There’s something about the future that makes us dream about smart gadgets and gizmos, able to do their job without any human help. Autonomy and efficiency are synonymous with the future and progress. When programming, there is something that, at first glance, could fall into this category of self-controlled and independent tools: metaprogramming. It’s a buzzword that’s been making the rounds lately.
But what is metaprogramming, and how does it work?
What can we do with this powerful tool, and what challenges does it bring to the industry?
What is metaprogramming?
Imagine that you start making cars from scratch. Slowly, your cars become famous, and more people want to buy one. There is one problem though — you are just one person, and there are lots of clients. Fortunately, the process is routine and can be modeled with an algorithm.
So, you build a machine to make those cars. As your car-making factory grows, so does demand, but now you have a new problem, you can only make so many car-making machines.
Once again, you make a machine, this time one capable of building machines that make cars.
Change machines for programs and cars for code, and you’ll have a pretty good idea of what metaprogramming is.
In a nutshell, metaprogramming is writing code that writes code, but if we are looking for a better definition, let’s expand that simple notion. This technique builds programs that treat code as data. Therefore, the program can create, read, analyze, generate, manipulate or use other programs.
It may sound a bit convoluted, so let’s break it down.
A metaprogram is a program that can:
– Accept other programs as its data
– Manipulate said data, inspecting and modifying the behavior of the program
– Inject new behavior in the program if necessary
– Make Monkey patching: tweaking parts of the program at runtime without changing the source code
How to use metaprogramming
Let’s get one thing out of the way: metaprogramming is nothing new.

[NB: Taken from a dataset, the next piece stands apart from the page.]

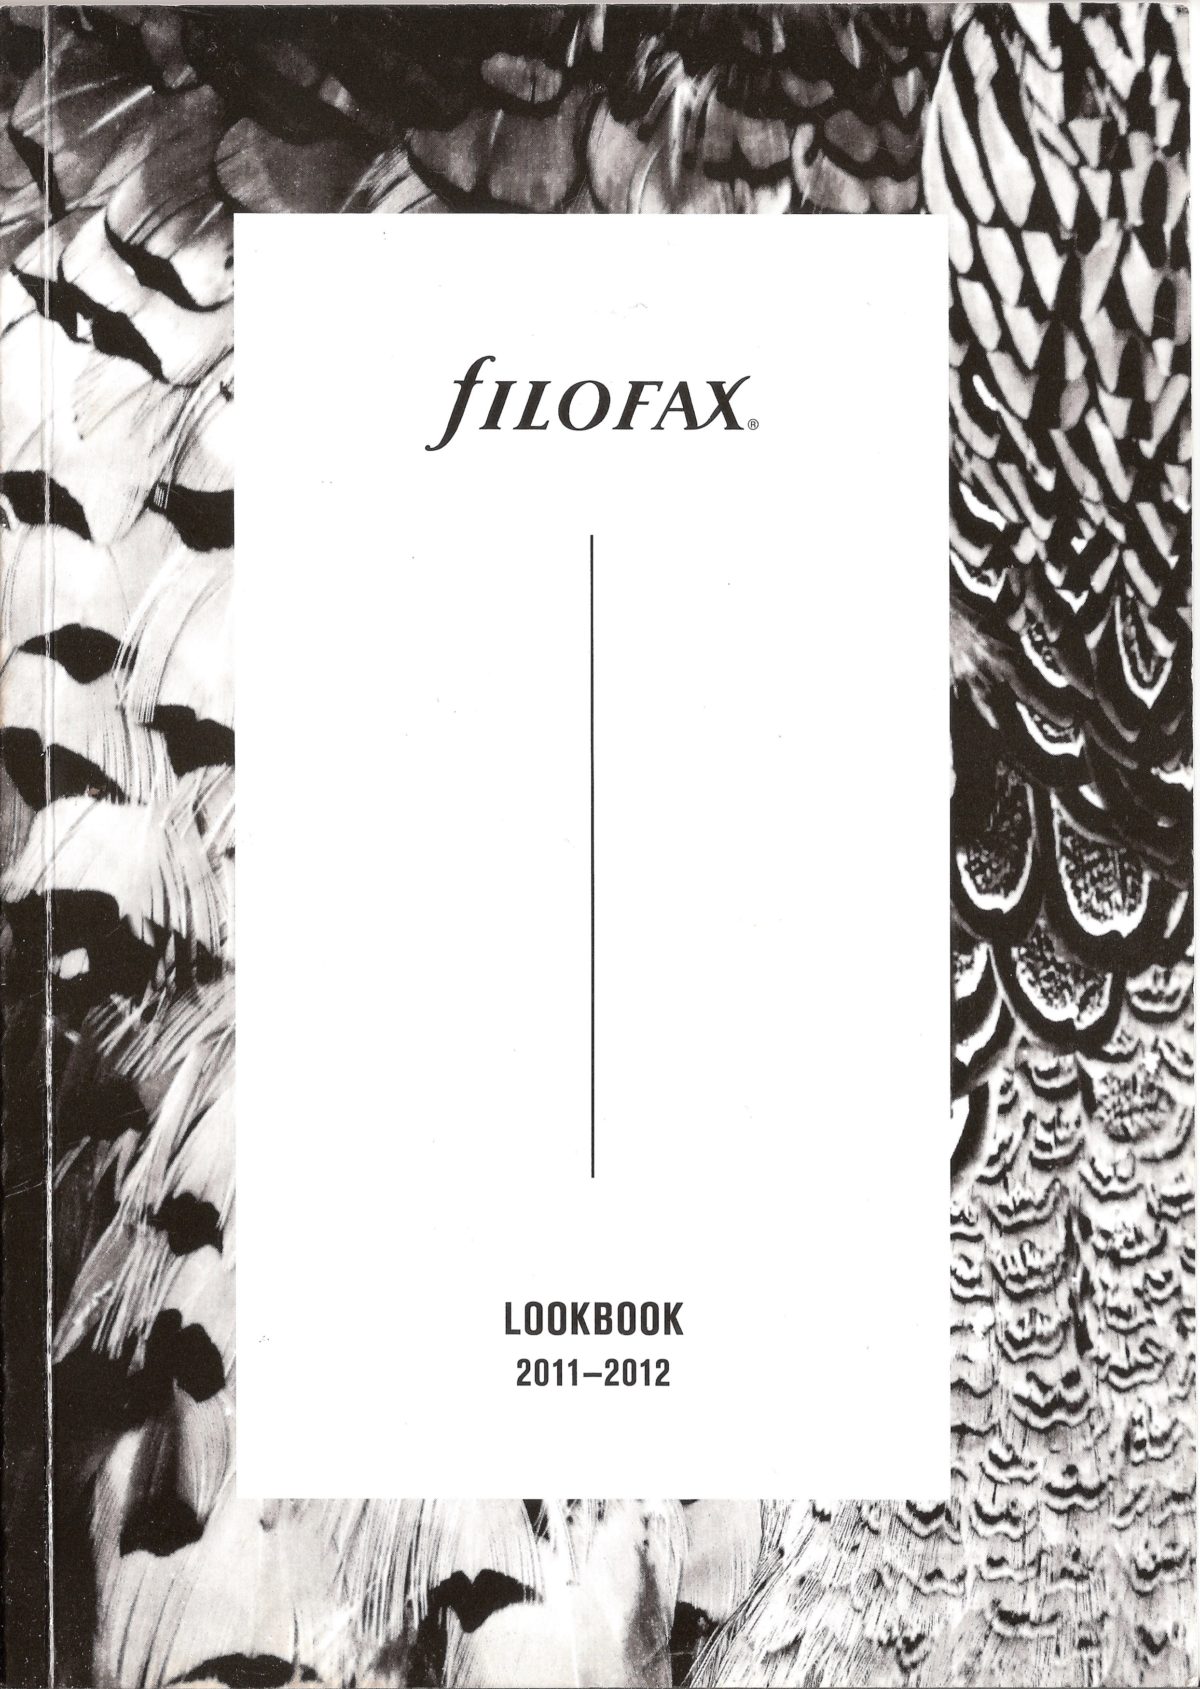 Filofax UK Look Book 2011/12

Even a junior developer can write simple metaprograms with minimal effort. So why is the term making the rounds? Because machine learning is giving us the tools to build very advanced metaprograms.
Metaprogramming is used daily by software developers all around the world but it’s so subtle that it’s barely noticeable.

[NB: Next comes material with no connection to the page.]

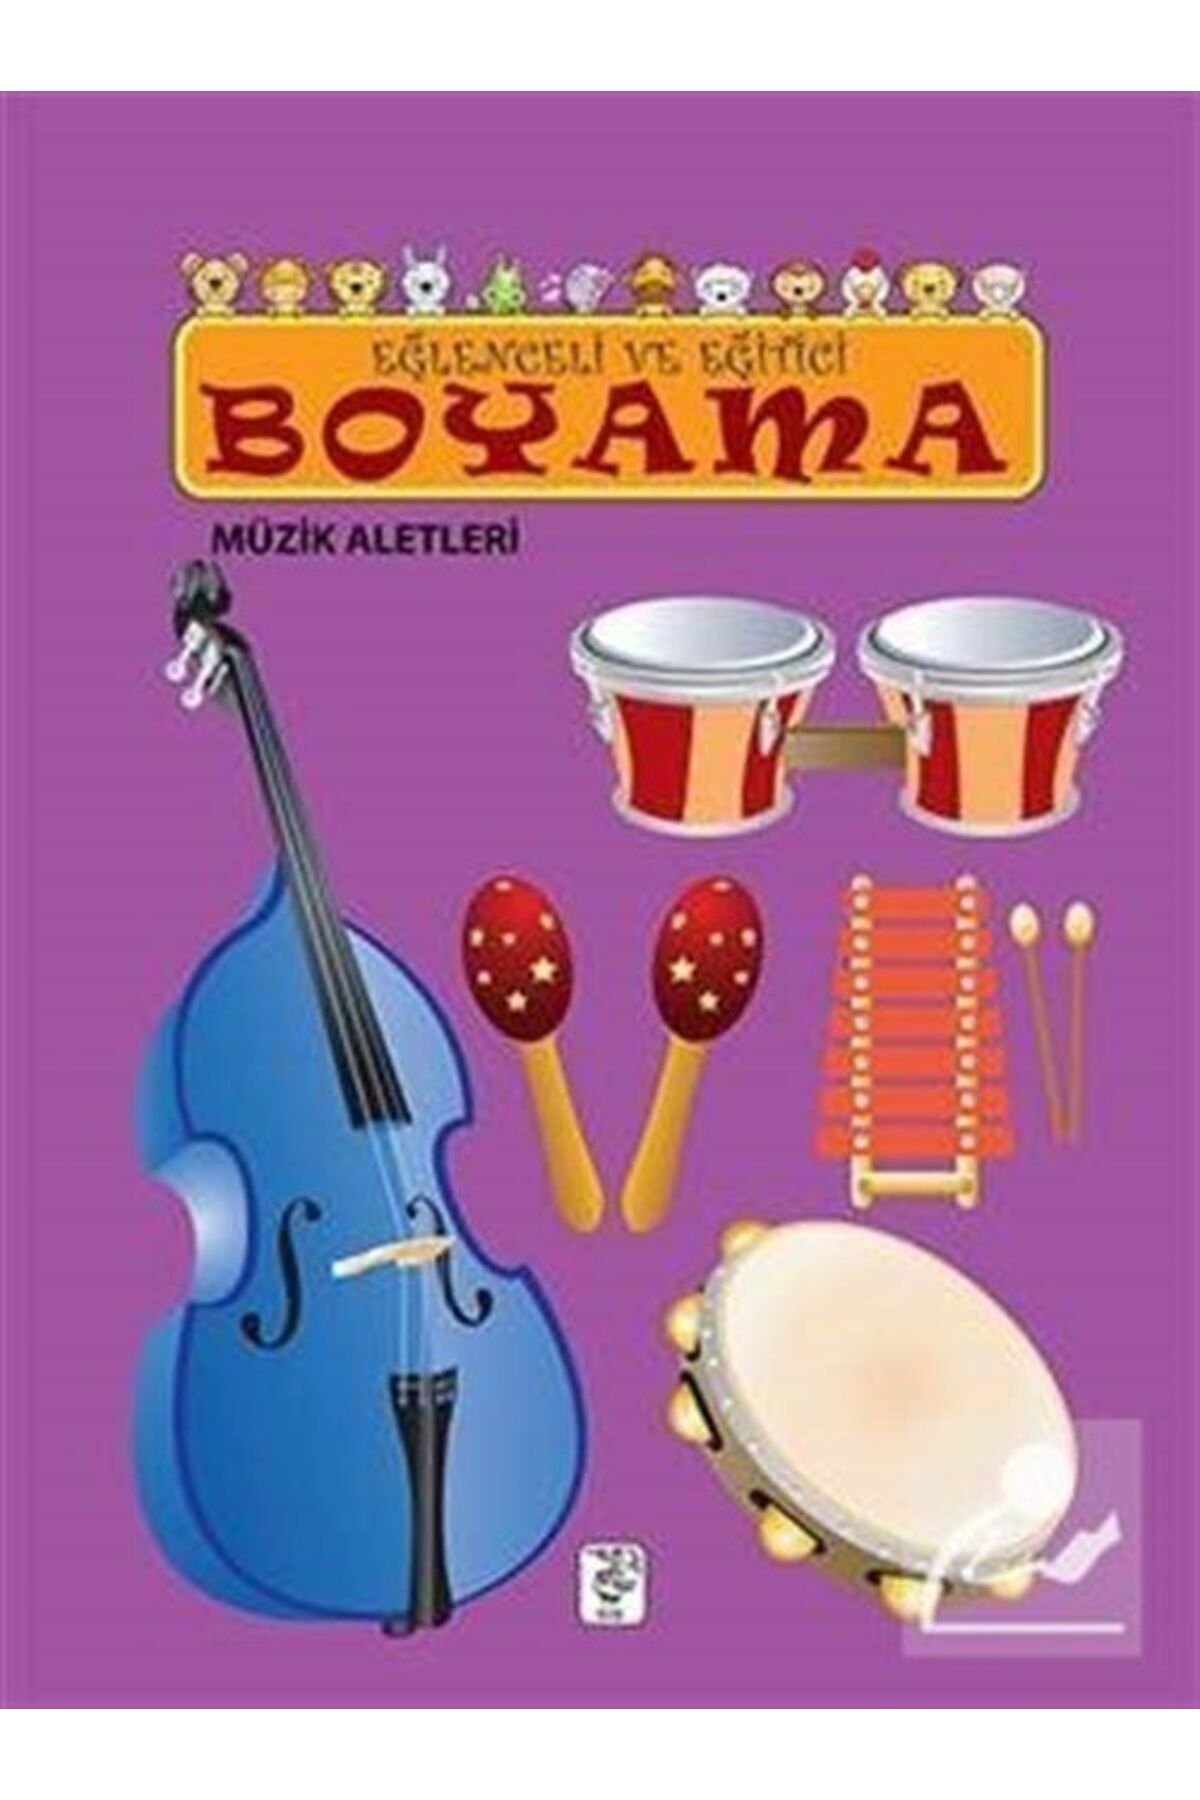 Sis Yayınları Müzik Aletleri / Eğlenceli Ve Eğitici Boyama

Take, for example, IDEs like Visual Studio Code or Pycharm. Aside from helping us organize our code, these programs do a bit of metaprogramming.

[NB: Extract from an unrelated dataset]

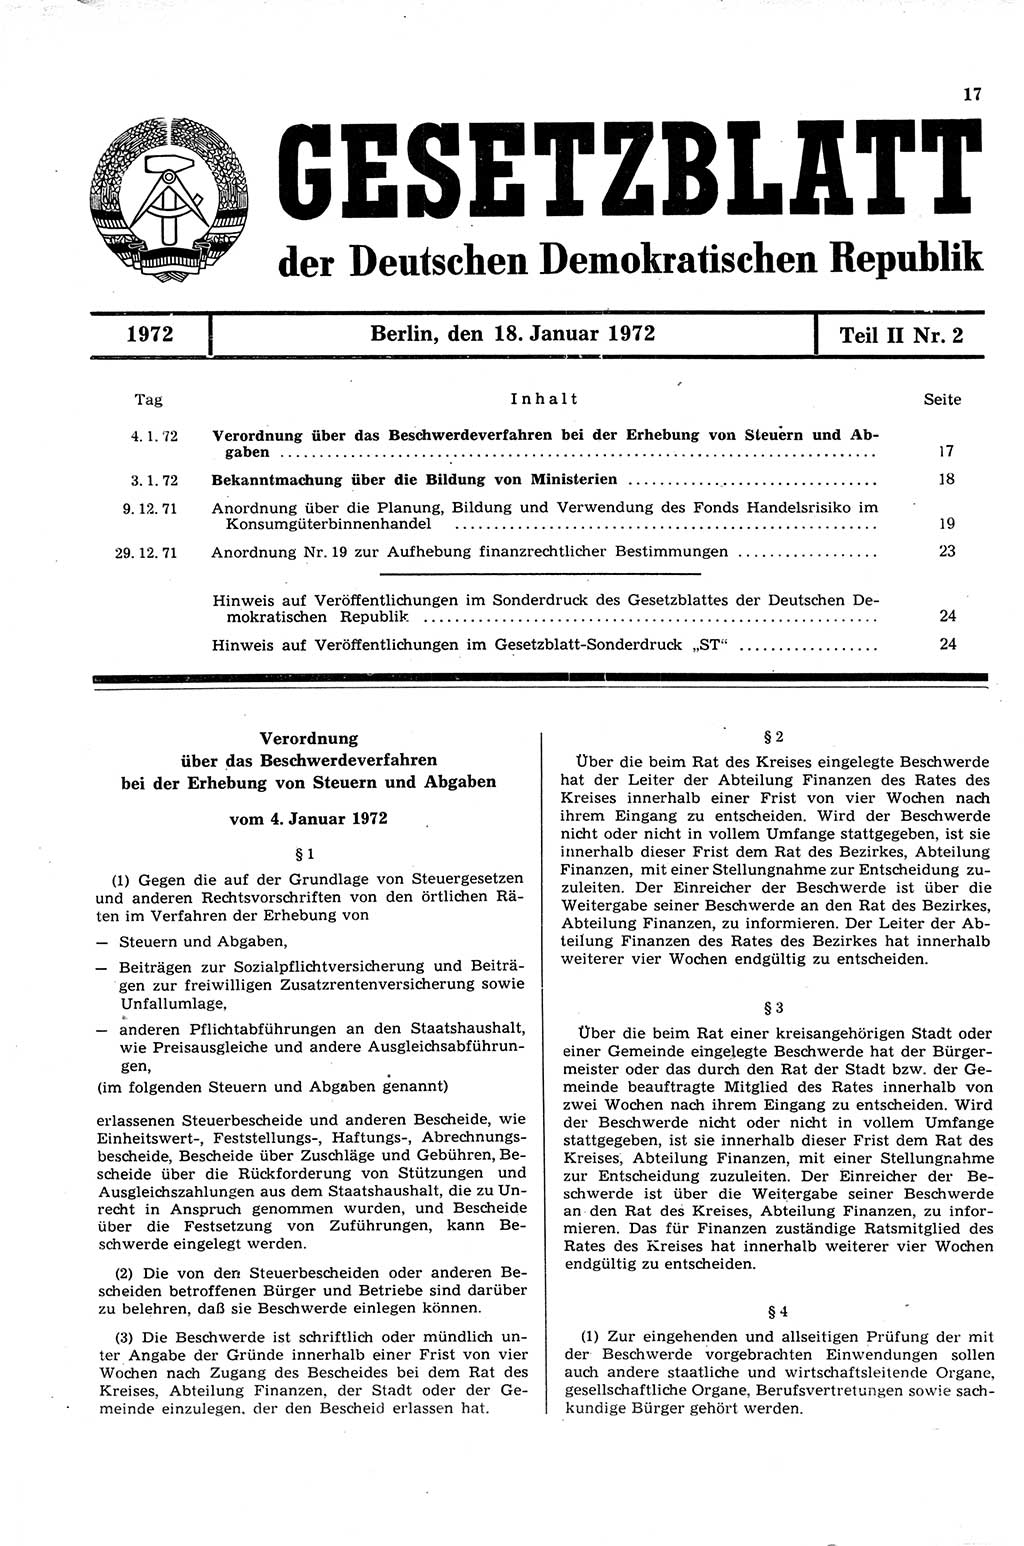 Gesetzblatt (GBl.) der Deutschen Demokratischen Republik (DDR) Teil ⅠⅠ 1972, Seite 17 (GBl. DDR ⅠⅠ 1972, S. 17)

Both platforms flag potential errors without having to run the code. Both platforms offer basic level refactoring, translating a block of code into a more readable syntax. Pretty useful, but nothing groundbreaking.
What if we had a program that could write code with very little input from the developer? Well, that’s the kind of service GitHub Copilot, Intellicode, ReSharper, and other coding companions offer for modern software developers.
Most of these systems are based on machine learning. Using billions of lines of code from repositories like GitHub, artificial intelligence is trained to detect and understand code patterns that it can later reproduce to write new code.
Some of these tools are so extraordinary that a developer only needs to write a comment about what the code needs to do, and the assistant will return a code block ready to be run.
Talk about machines stealing our jobs.
Another great application in metaprogramming is what we call reflection, in which software is its own metaprogram. In other words, the code takes itself as data and rewrites itself according to its needs.
In other words, we have a program capable of fixing itself. You can have metaprograms for pretty much anything, from adapting software depending on workloads to changing infrastructure as the need arises. It’s an amazing technique with infinite potential, especially when we pair it with the learning potential of AI.
Metaprogramming dos and don’ts
DO use AI assistants for time-consuming tasks
A lot of the code we write is time-consuming but doesn’t require a lot of thought. Thanks to AI assistants, we can reduce the time we spend writing simple code and focus instead on more complex problems.
A great example I always like to bring up is using AI assistants to learn about new technologies. If I wanted to learn a new language, like Rust, I would have to go over the documentation and probably spend a while looking at videos to learn the basics.
But what if I could ask an AI to write a program in Rust and then use that as a learning tool? By studying how the assistant wrote a function, I can have a pretty good idea of the underlying syntax — in other words, learning by doing.
DO NOT trust AI assistants blindly
On the other hand, AI assistants are far from perfect. Since they are trained with open-source code, the resulting code may be functional but buggy, convoluted, or pose a security risk.
Artificial Intelligence is only as good as the data used to train it. If a developer community has adopted bad practices and we feed that code to the AI, the output will have those same bad practices. It’s up to us to review it and ensure that the code meets our standards.
DO write a best practices manual
When doing consulting, I’m always amazed at how often people forget the importance of building a set of good practices and training their teams to follow them.
Metaprogramming is like any other technology, and it can boost our project significantly if we know how to apply it.
Think about what you want from a metaprogram and teach your team about its potential and issues.
AI-powered metaprogramming has the potential to revolutionize the industry as we know it, but only if we have the wisdom to understand its limits and its potential downfalls.
Metaprograms are not a replacement for humans but rather powerful companions that can help us transcend our limits.